Find the residual between the MDT and the smoothed MDT
"""

from current_denoising.utils import util
from current_denoising.generation import mdt

sigma_km = 200


def get_residual(img: np.ndarray, sigma_km: float) -> np.ndarray:
    """
    Get the residual between the provided MDT gridded field and a Gaussian smoothed version.
    """
    # Find the difference between the original image and a smoothed version, where we replace
    # NaN with their nearest values
    nan_mask = np.isnan(img)
    smoothed = mdt.gauss_smooth(mdt.fill_nan_with_nearest(img), sigma_km)
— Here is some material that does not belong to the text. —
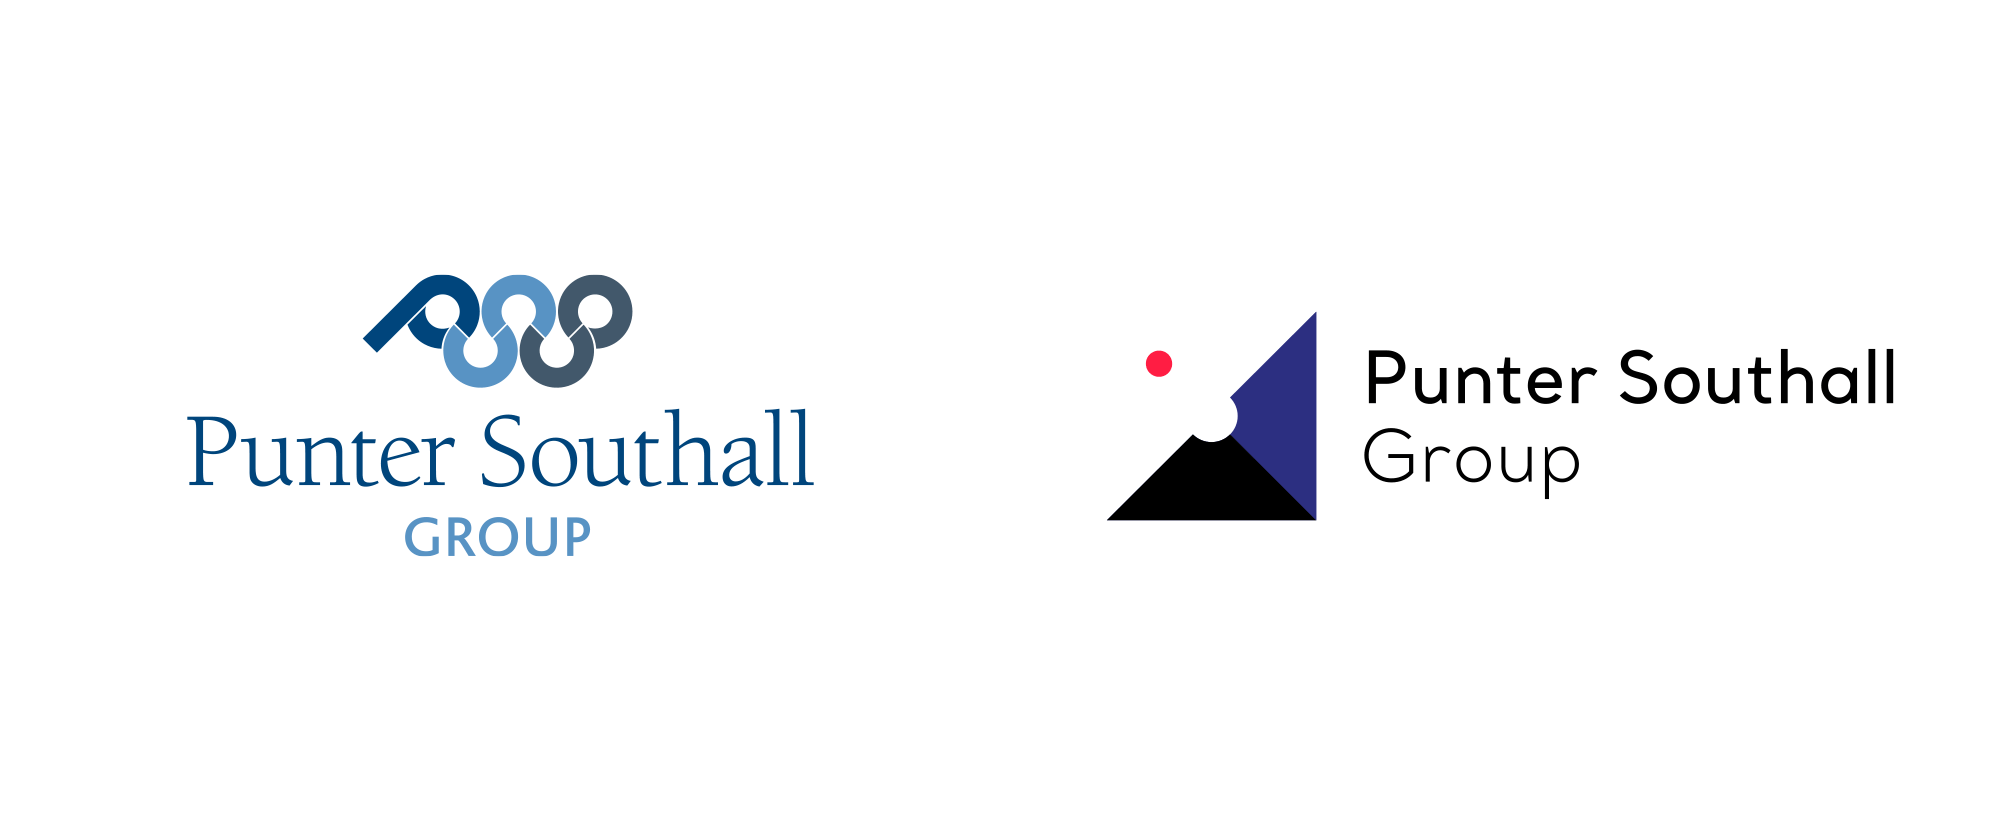 Red Future Logo - Brand New: New Logo and Identity for Punter Southall Group by Future ...

    # Put NaN values back in to indicate land, and remove the global mean
    smoothed = np.where(nan_mask, np.nan, smoothed)

    residual = img - smoothed

    return ioutils._remove_nanmean(residual)
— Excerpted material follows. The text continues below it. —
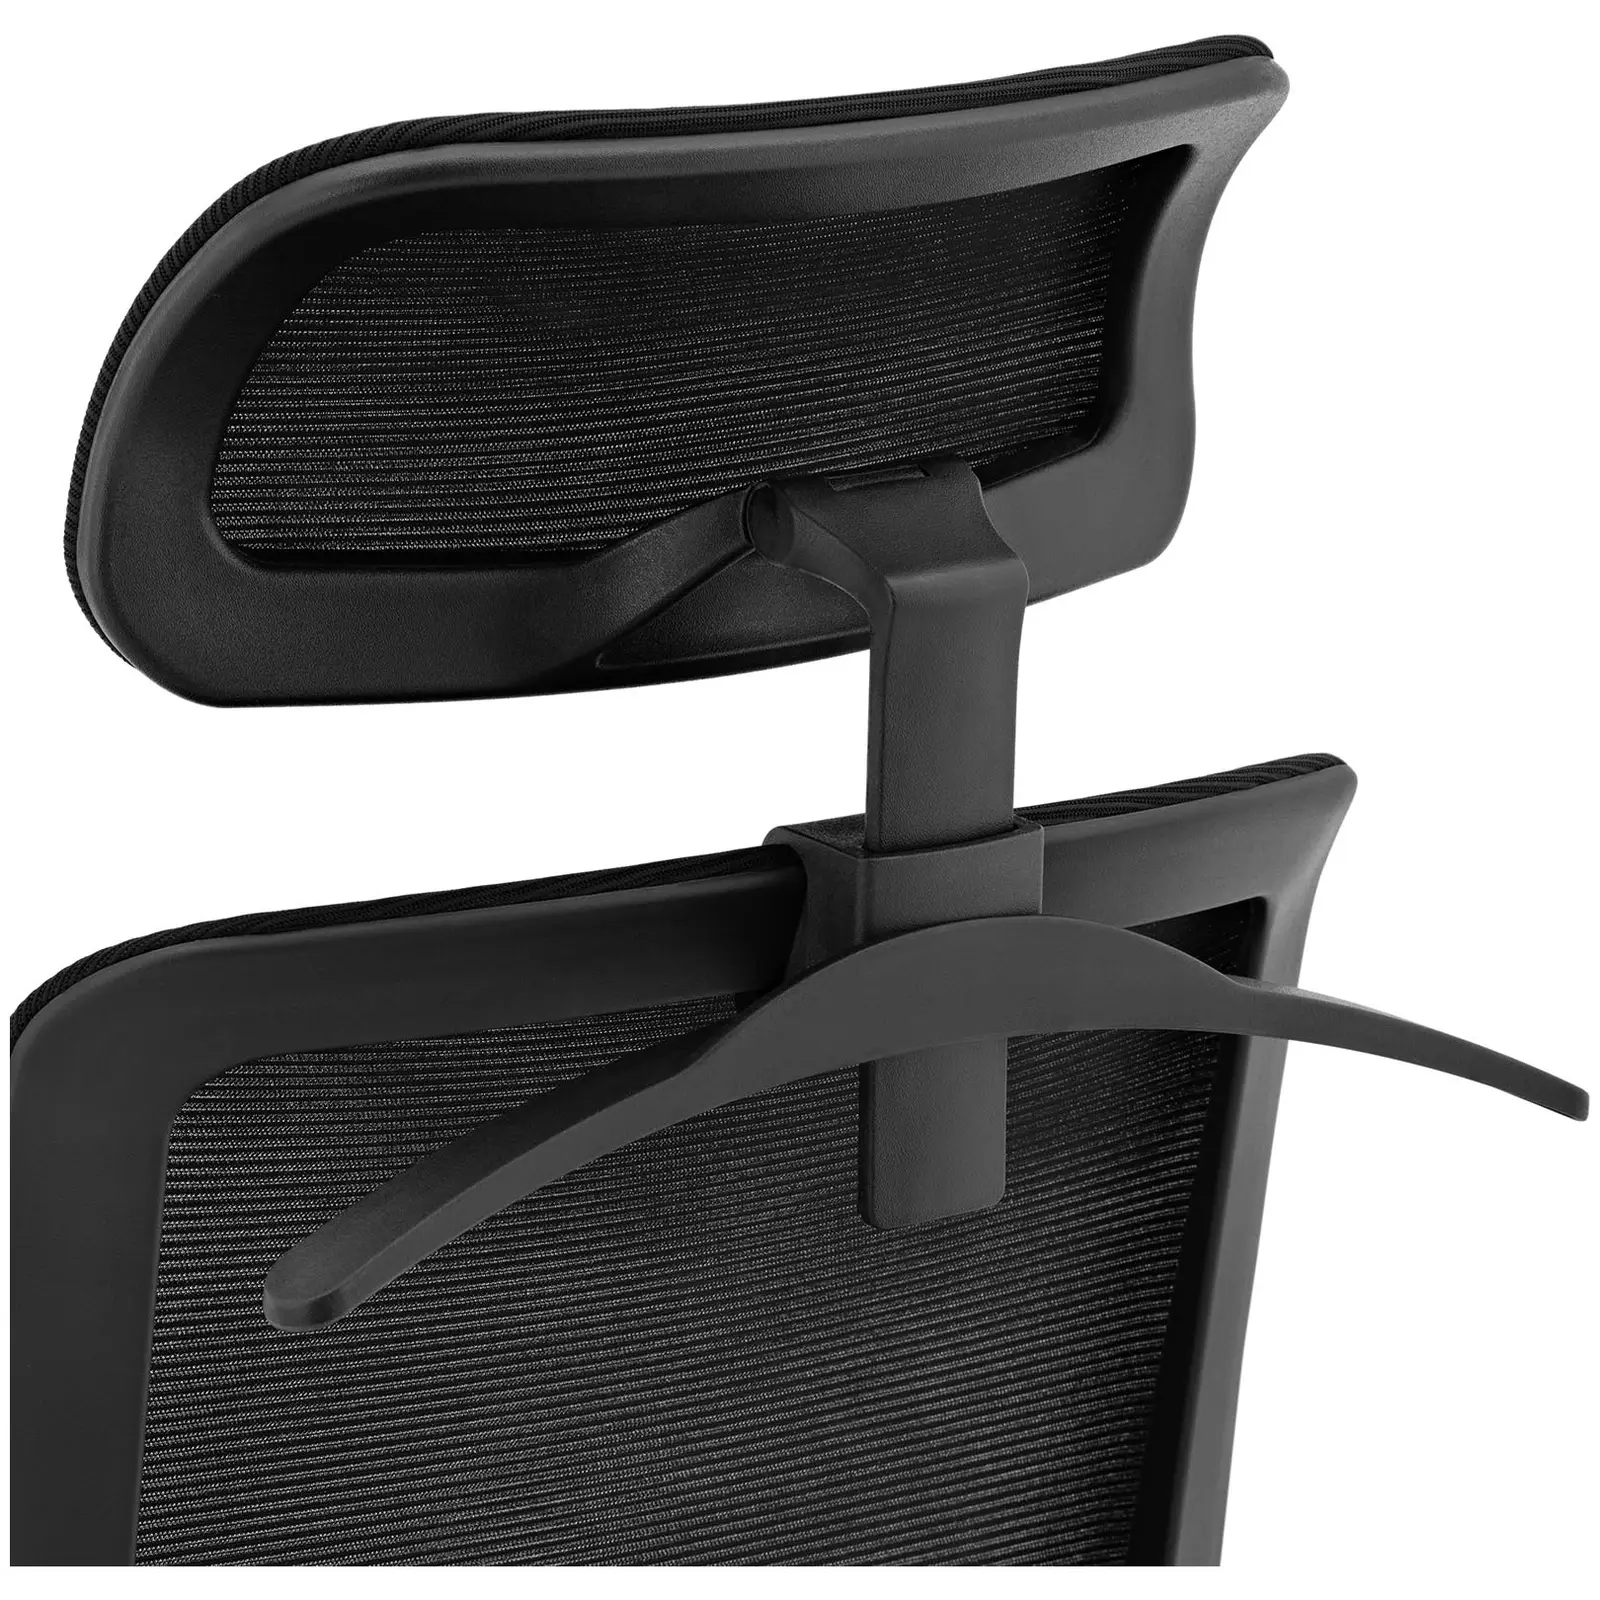 Office Chair - mesh back - headrest - 50 x 61 cm seat - up to 150 kg - black

residual = get_residual(noisy_mdt, sigma_km)

In [None]:
import matplotlib.pyplot as plt
from current_denoising.plotting import maps


def mdt_imshow(current_grid: np.ndarray, axis: plt.Axes, **kwargs):
    """Imshow for MDTs - no extent set"""
    lat, long = util.lat_long_grid(current_grid.shape)
    extent = kwargs.get("extent", [long[0], long[-1], lat[0], lat[-1]])

    imshow_kw = {
        "origin": "upper",
        "cmap": "seismic",
        "vmax": -0.5,
        "vmin": 0.5,
    }
    imshow_kw.update(kwargs)
    imshow_kw["extent"] = extent

    im = axis.imshow(current_grid, **imshow_kw)
    im.set_extent(extent)

    # Plot also the land
    axis.imshow(
        np.isnan(current_grid),
        cmap=maps.clear2black_cmap(),
        extent=extent,
        vmin=0,
        vmax=1,
        origin="upper",
    )

    # Add a colorbar
    axis.get_figure().colorbar(im, ax=axis)
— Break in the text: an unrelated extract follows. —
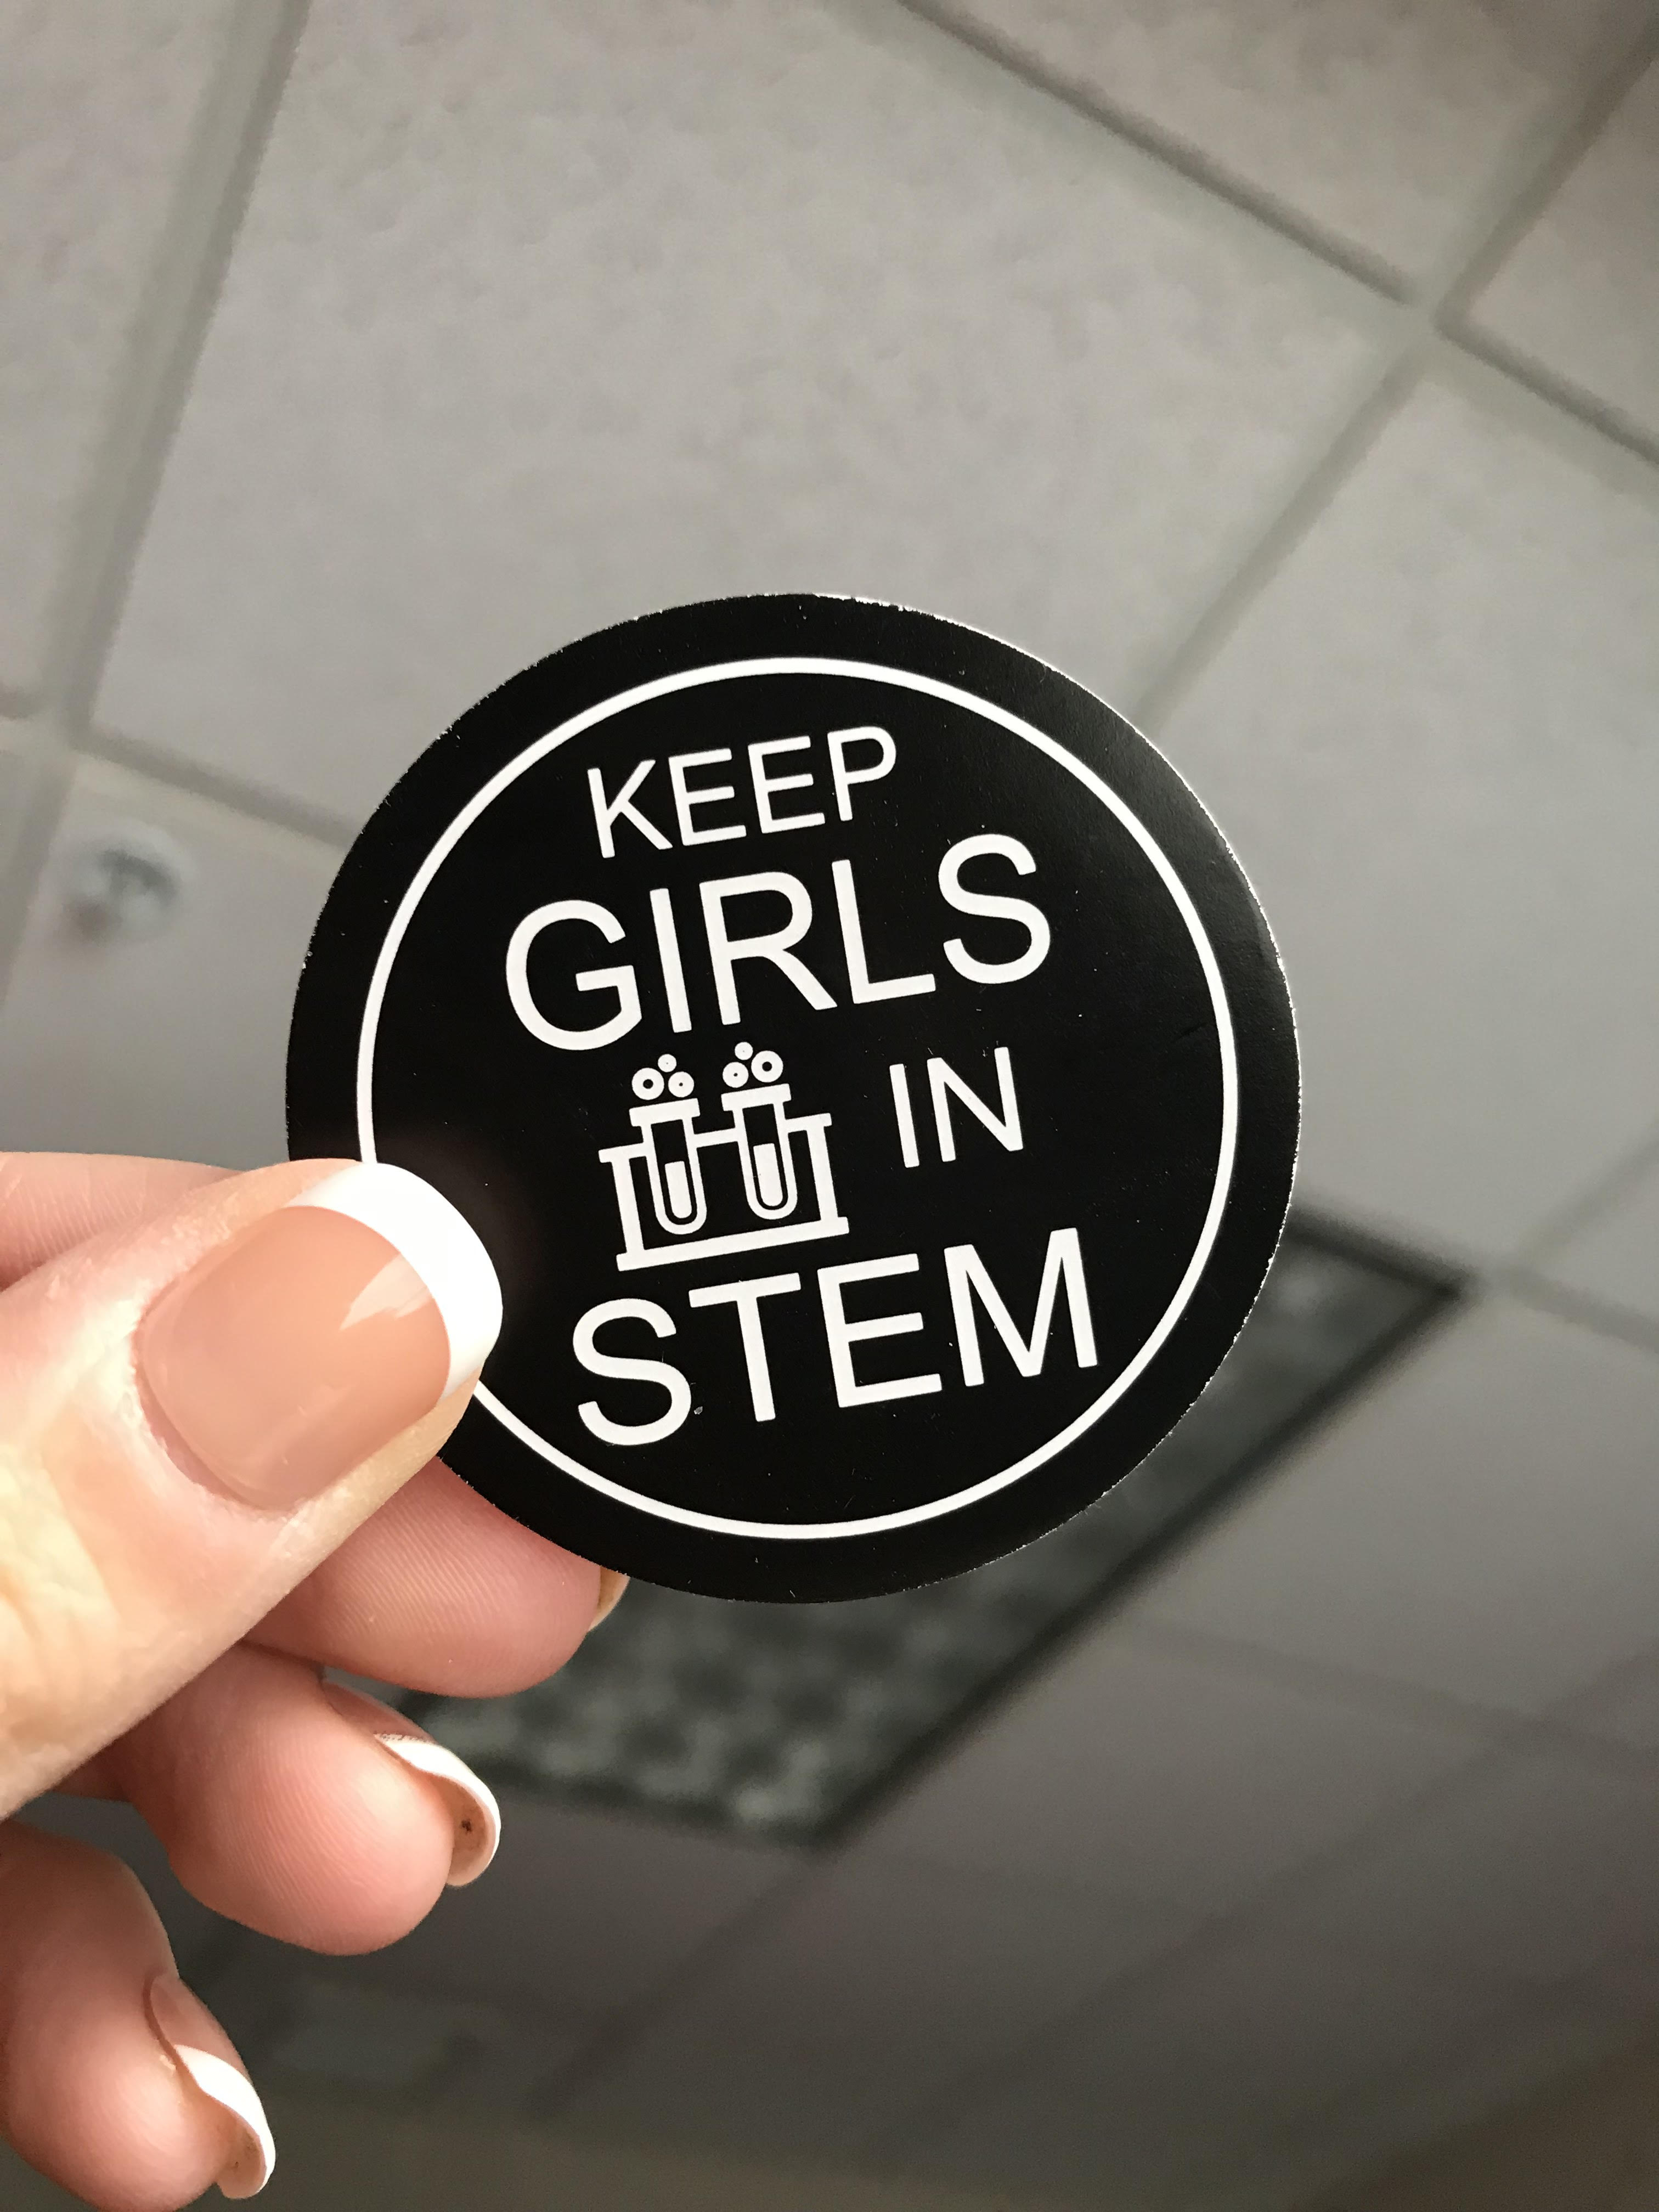 Keep Girls in STEM sticker to be handed out.

fig, axis = plt.subplots(figsize=(18, 9))

mdt_imshow(residual, axis)

fig.suptitle(f"Residual: smoothed $\sigma=${sigma_km}km")

Choose tiles to use in GAN training
----

In [None]:
"""
Plot the selected tiles on a map, according to a selection function

This will e.g. select for tiles that have 80% of their power in frequencies above 5% of the minimum
"""

from current_denoising.plotting import maps


def select_tile(tile: np.ndarray) -> bool:
    """
    Selection function for a tile.
    RMS and FFT based.
    """
    if ioutils.tile_rms(tile) > 0.05:
        return False
    if ioutils.fft_fraction(tile, 0.05) < 0.80:
        return False
    return True


rng = np.random.default_rng(seed=0)

tile_size = 32
num_tiles = 512
latitude_threshhold = 60.0
forbidden_mask = ioutils.distance_from_land(residual) < 20

# Get the tiles from our map based on the criteria
# Return the indices (their locations) for plotting
tiles, indices = ioutils.extract_tiles(
    rng,
    residual,
    num_tiles=num_tiles,
    forbidden_mask=forbidden_mask,
    tile_criterion=select_tile,
    max_latitude=latitude_threshhold,
    tile_size=tile_size,
    return_indices=True,
)

In [None]:
fig, axis = plt.subplots(figsize=(16, 9))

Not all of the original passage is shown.